Praise for the album seems to stem from the notion that it's
as direct a personal statement as robo-culture will allow. Some of us who've matured
in the internet age nonetheless don’t necessarily like the glossy chipset
lobbed at us by youth culture. (I don’t know where I stand on that.) Some of us
are trying to learn how to profit from it, or reconcile the more integral
narrative of old-fashioned storytelling with the technology we have. (I do know where I stand on that, since I'm
trying to start up a business with those ideas.)
As for whether I think Abraham's album is actually good or
not? Well, it just is. It exists. That's about as solid a judgment as I can
give. I think it's better than the Lou Reed & Metallica album that got
reamed last year, but let's face it: Abraham's ambitions were far, far less
than Reed & Metallica's, and nowhere nearly as chylous.
Is it, as the Guardian
claims, the 32nd best album of 2012? Well, the Guardian thinks so. Or says they think so. But for me the album is more motive than art –
or, actually, more blithely disposing of the need for motive, which is the whole attraction of outsider music.
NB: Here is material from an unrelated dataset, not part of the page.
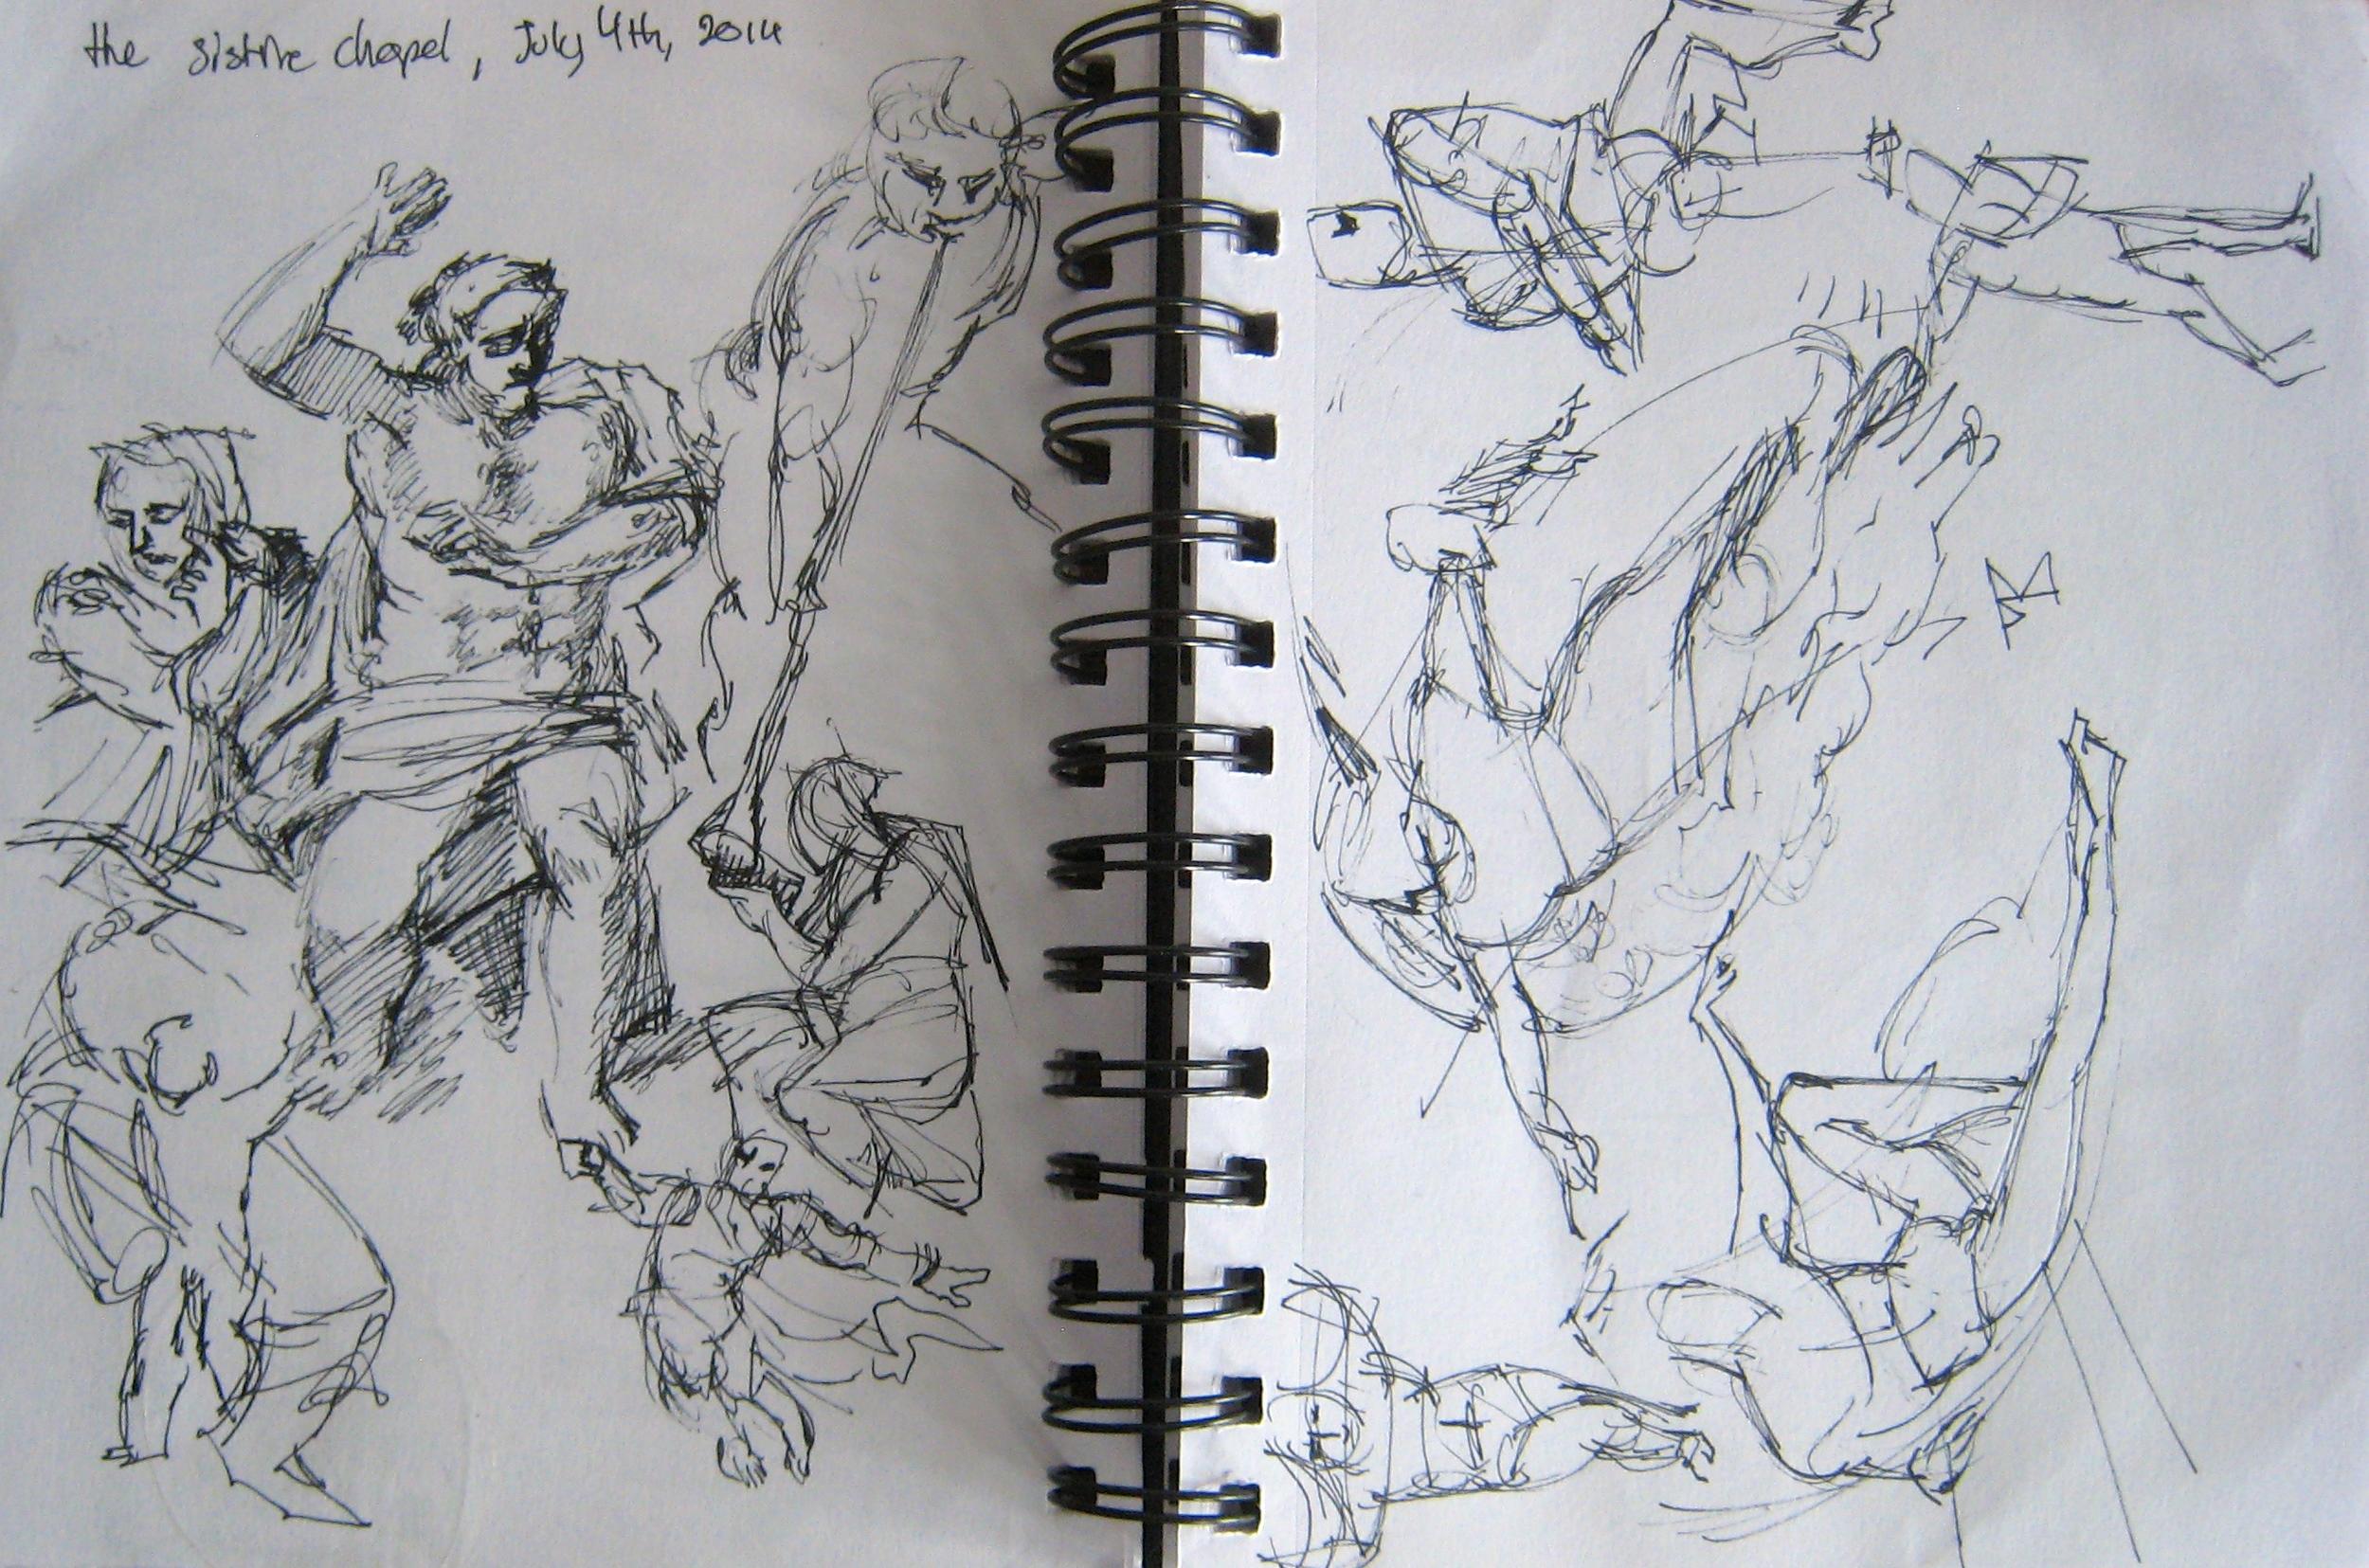 Megan Kelchner,  The Sistine Chapel, July 4, 2014 ,pen sketch, 2014

The main tenet of outsider music is that you have to decide if you're going to
subject yourself to it. For a lot of the genre, that's where the potency of the
form begins and ends. Whether you decide to pursue its deeper, human messages
-- if after your decision you can even pretend to take these messages seriously
-- that's your choice.
I don't have any increased sympathy or distaste for
Abraham's life choices after hearing this album. But one thing I could assert
with confidence is that it's truly representative of its time, its culture and
its setting. That's where we have to draw our own conclusions. Or forego them.
One thing’s for sure: hearing Scott Walker’s Bish Bosch and Abraham’s My Teenage Dream Ended back to back is no
way to curb your amnesia. And neither is bringing up Reed & Metallica's Lulu again. Sorry about that.